◆ Exercise description:
Using the data below, return word for word every line from the one holding "When the women" down to the one holding "Teenager's hands tied". Leave pictures out.

───── Provided data ─────

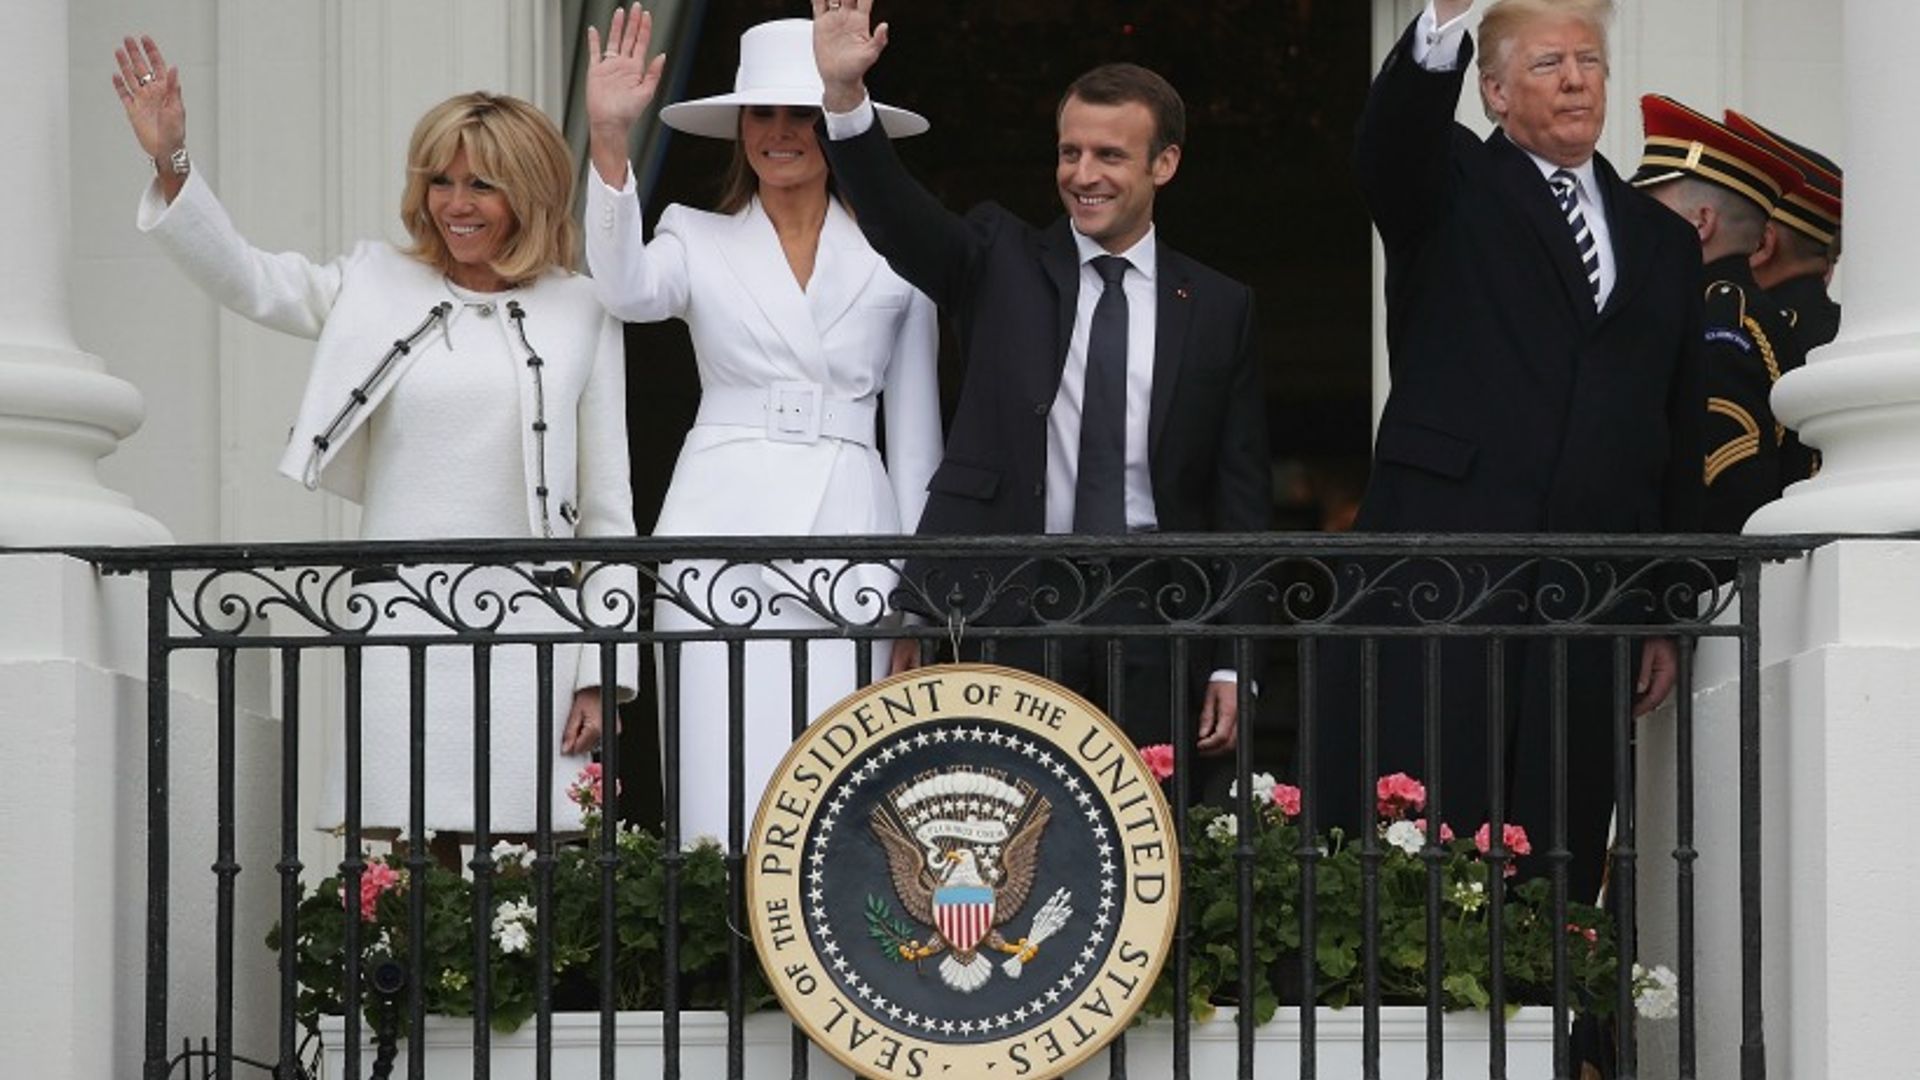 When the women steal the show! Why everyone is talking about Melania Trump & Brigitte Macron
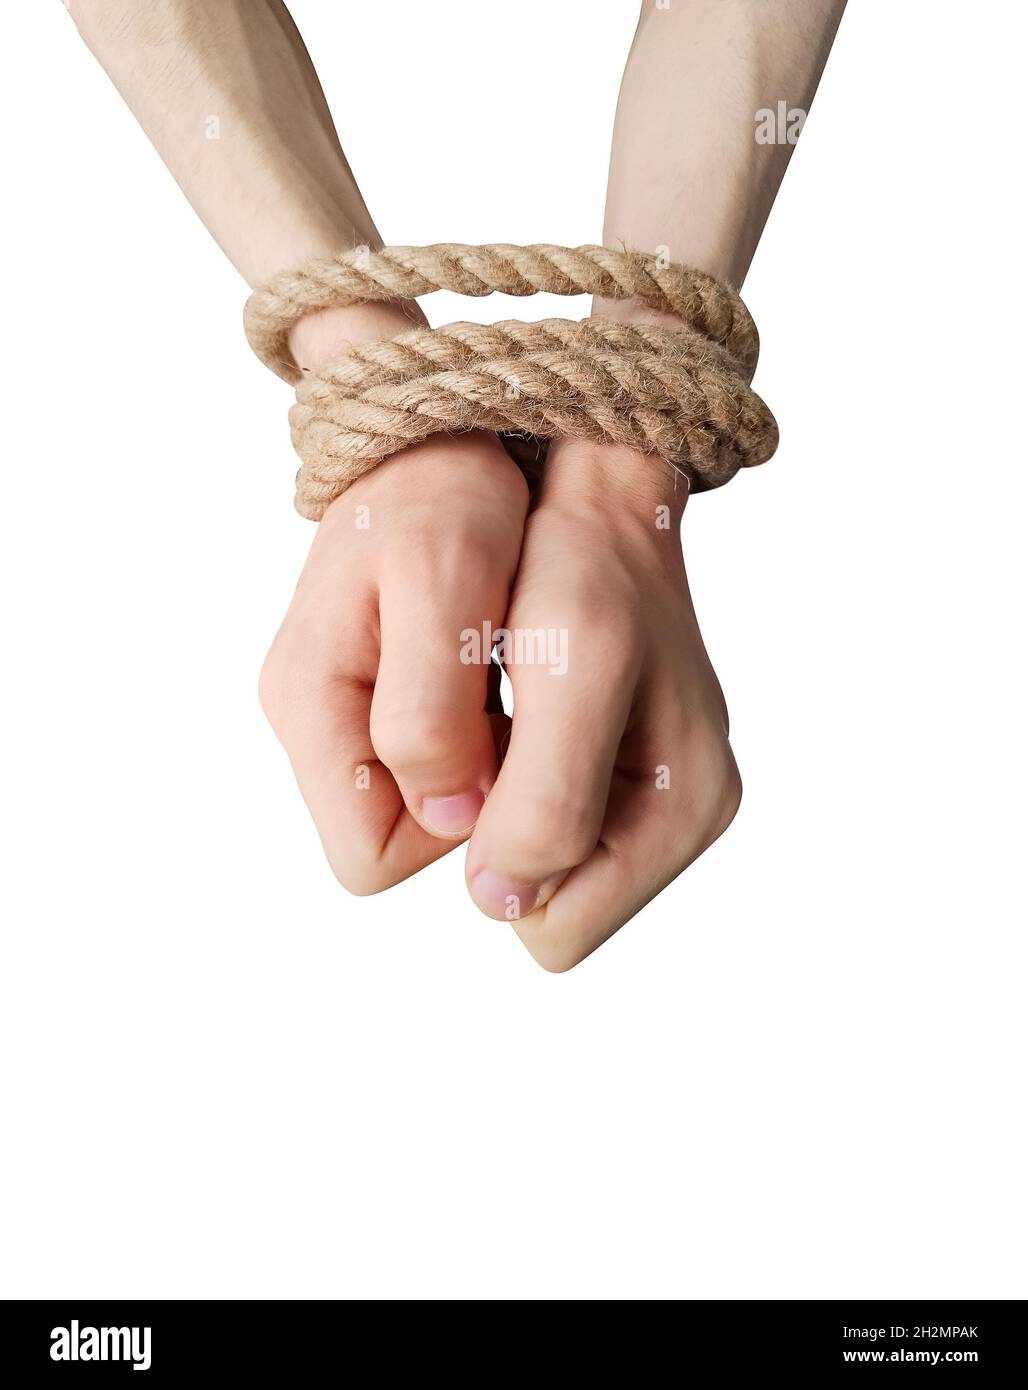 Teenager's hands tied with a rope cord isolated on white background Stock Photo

─────
───── Provided data ─────

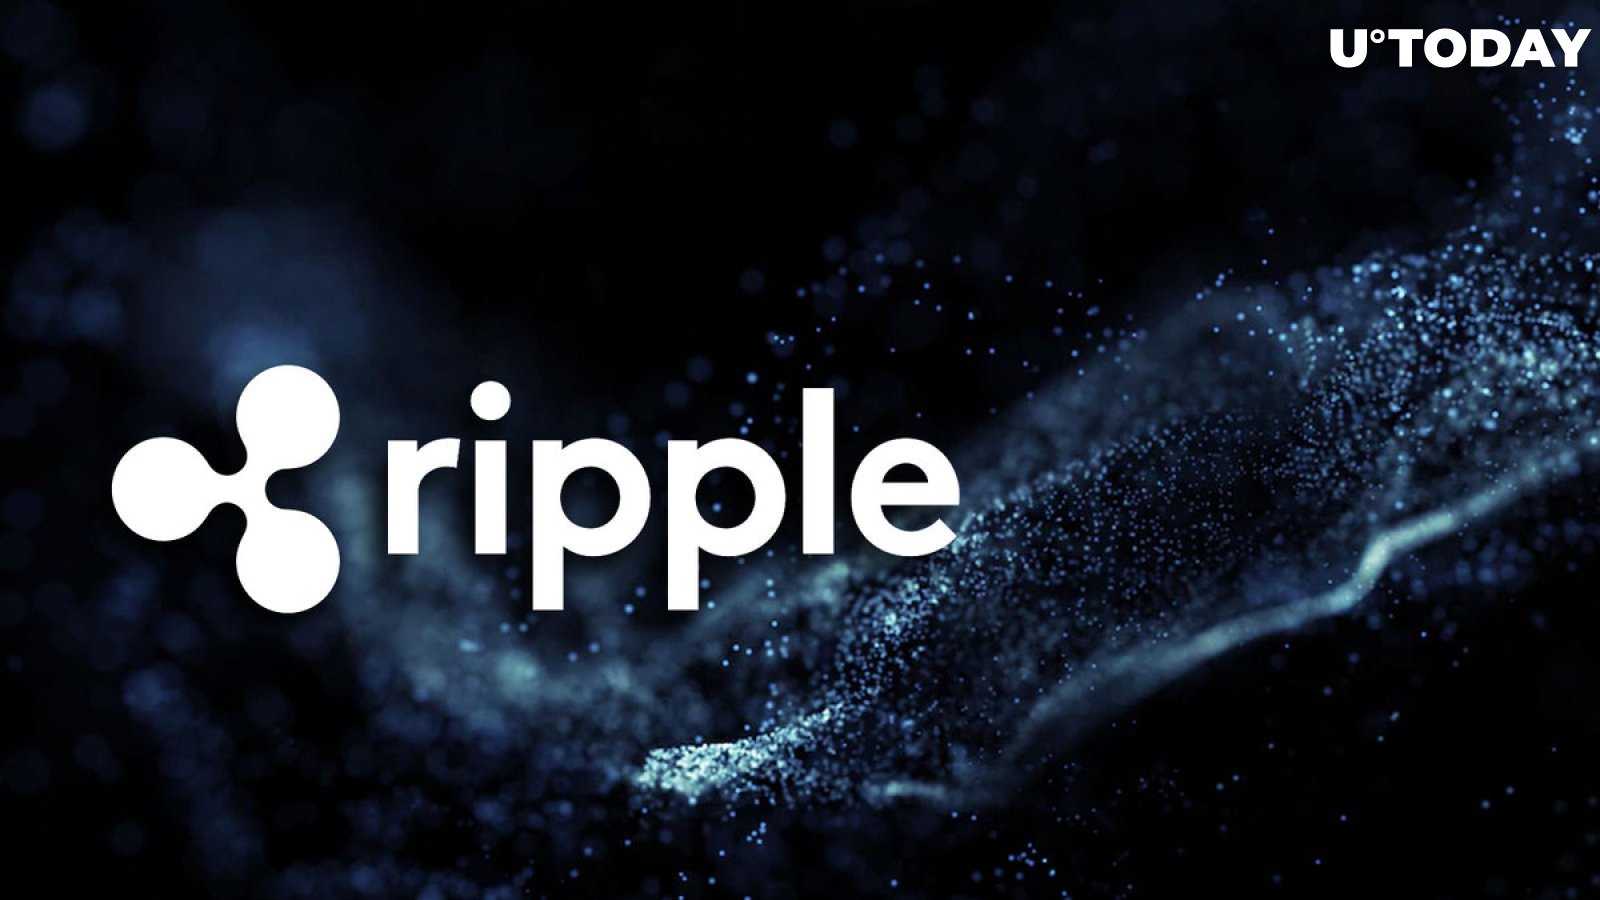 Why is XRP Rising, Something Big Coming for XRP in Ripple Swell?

─────

◆ Exercise answer:
 When the women steal the show! Why everyone is talking about Melania Trump & Brigitte Macron
 Teenager's hands tied with a rope cord isolated on white background Stock Photo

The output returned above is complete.